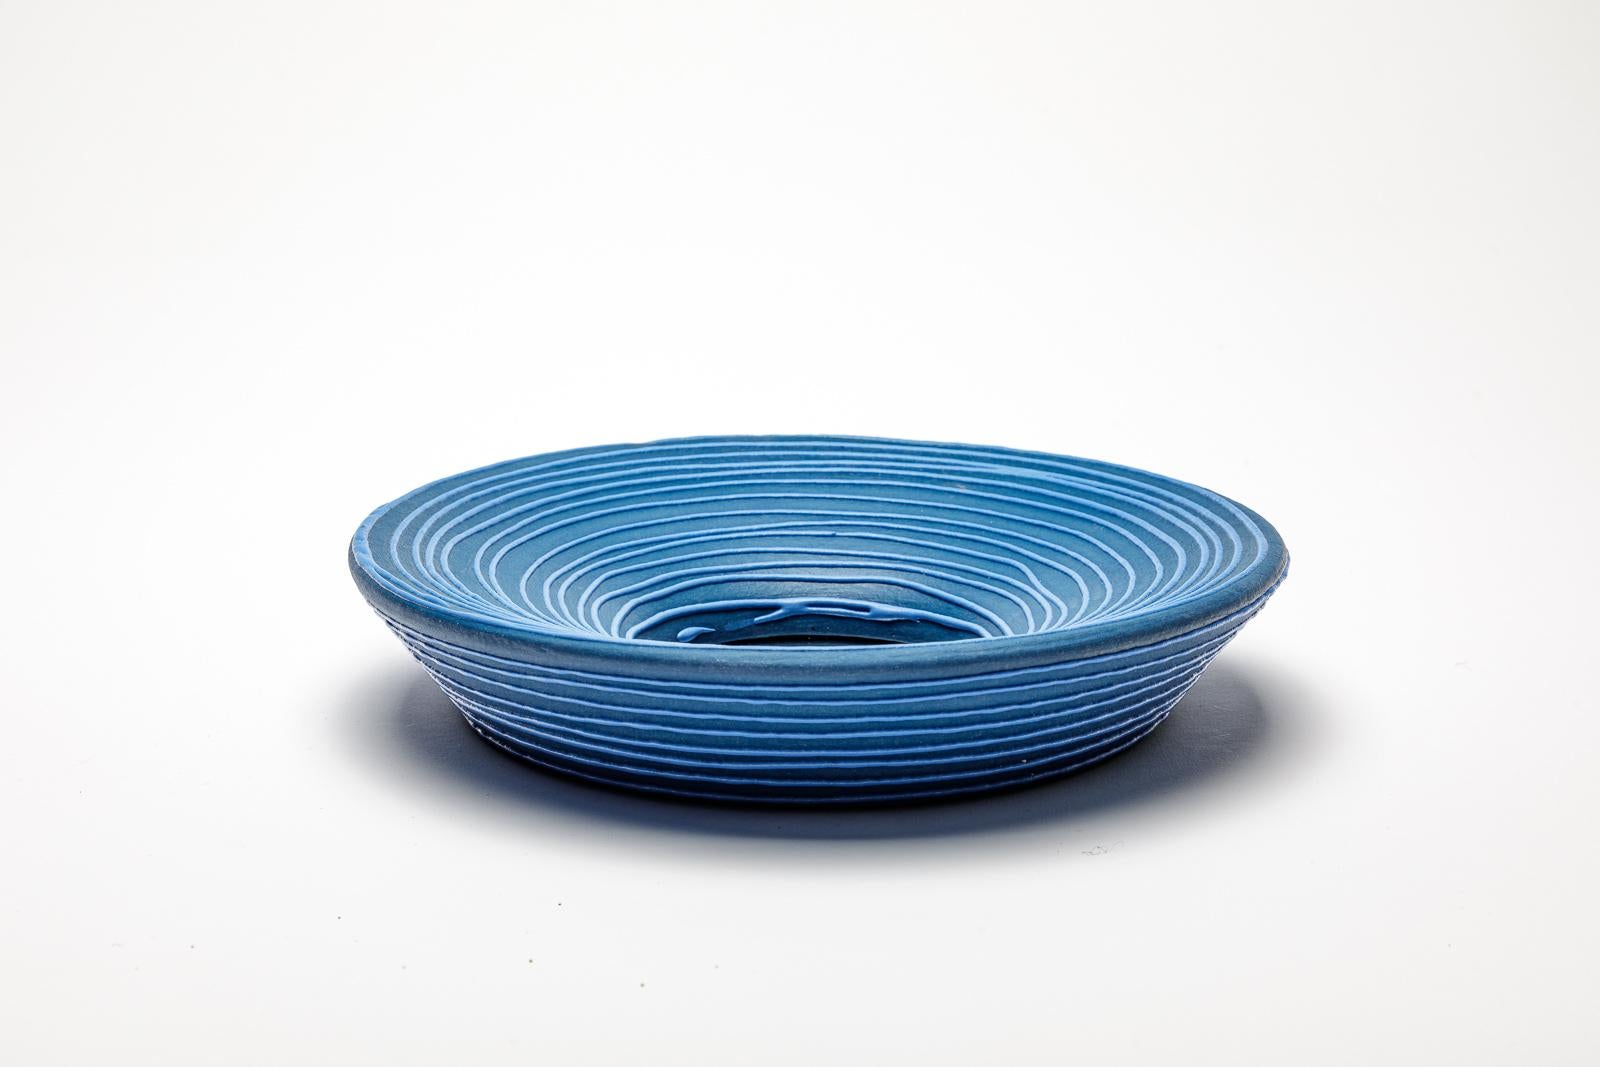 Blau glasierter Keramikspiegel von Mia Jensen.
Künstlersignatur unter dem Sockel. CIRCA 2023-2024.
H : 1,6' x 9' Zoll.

Exercise goal: Leaving every image behind, repeat the data in full and exactly.

Exercise response:
 Blau glasierter Keramikspiegel von Mia Jensen.
Künstlersignatur unter dem Sockel. CIRCA 2023-2024.
H : 1,6' x 9' Zoll.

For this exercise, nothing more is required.